The indices and separators are 4 byte integer values (int32), stored in big-endian byte order.

tmsk.adf - Mask

Contains an array of bits (stored in 4 byte integers) that specify the visibility of the triangles of the TIN. This can be used to hide the triangles inside of terrain holes or outside the terrain (outside the outer boundaries).

The file is stored using the same structures (header and records) as a shapefile, but since it only stores the visibility values of the triangles many fields of the header are used.

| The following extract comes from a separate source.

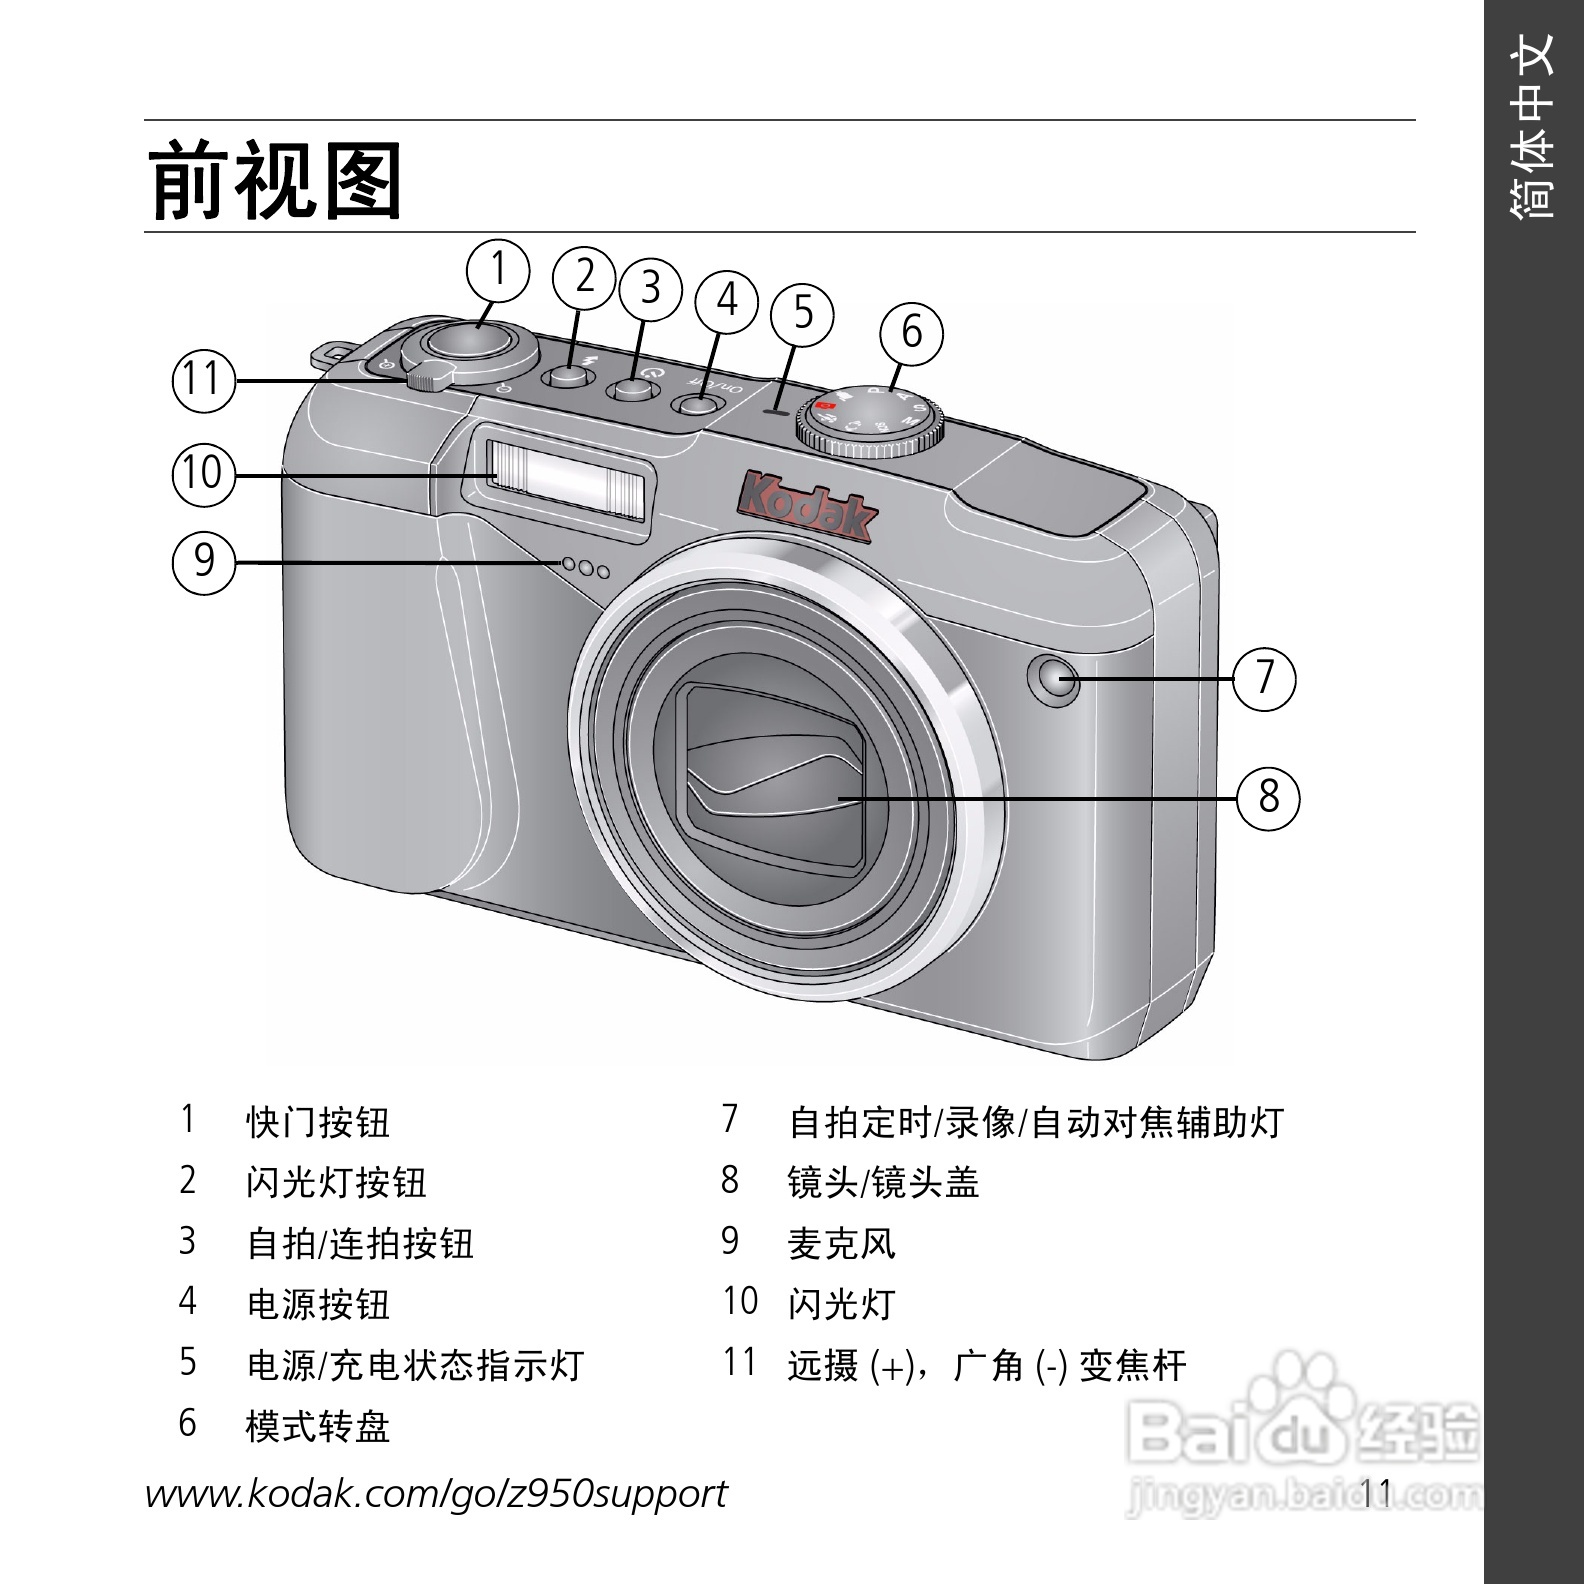 柯达z950数码相机使用说明书:[2]

The file header is fixed at 100 bytes in length and contains 17 fields; nine 4-byte (32-bit signed integer or int32) integer fields followed by eight 8-byte (double) signed floating point fields:

Bytes Type Usage
0–3 int32 big File code (always hex value 0x0000270a)
4–23 int32 big Unused; five uint32
24–27 int32 big File length (in 16-bit words, including the header)
28–31 int32 little Version 0 ; probably unused
32–35 int32 little Shape type 0 ; probably unused
36–43 double little Minimum X extent (always 0.0) ; unused
44–51 double little Minimum Y extent (always 0.0) ; unused
52–59 double little Maximum X extent (always 0.0) ; unused
60–67 double little Maximum Y extent (always 0.0) ; unused
68–75 double little Minimum Z extent (always 0.0) ; unused
76–83 double little Maximum Z extent (always 0.0) ; unused
84–91 double little Minimum M extent (always 0.0) ; unused
92–99 double little Maximum M extent (always 0.0) ; unused

The file then contains at least 2 records. Each record is prefixed with a record-header of 8 bytes:

Bytes Type Usage
0–3 int32 big Record number (1-based)
4–7 int32 big Record length (in 16-bit words)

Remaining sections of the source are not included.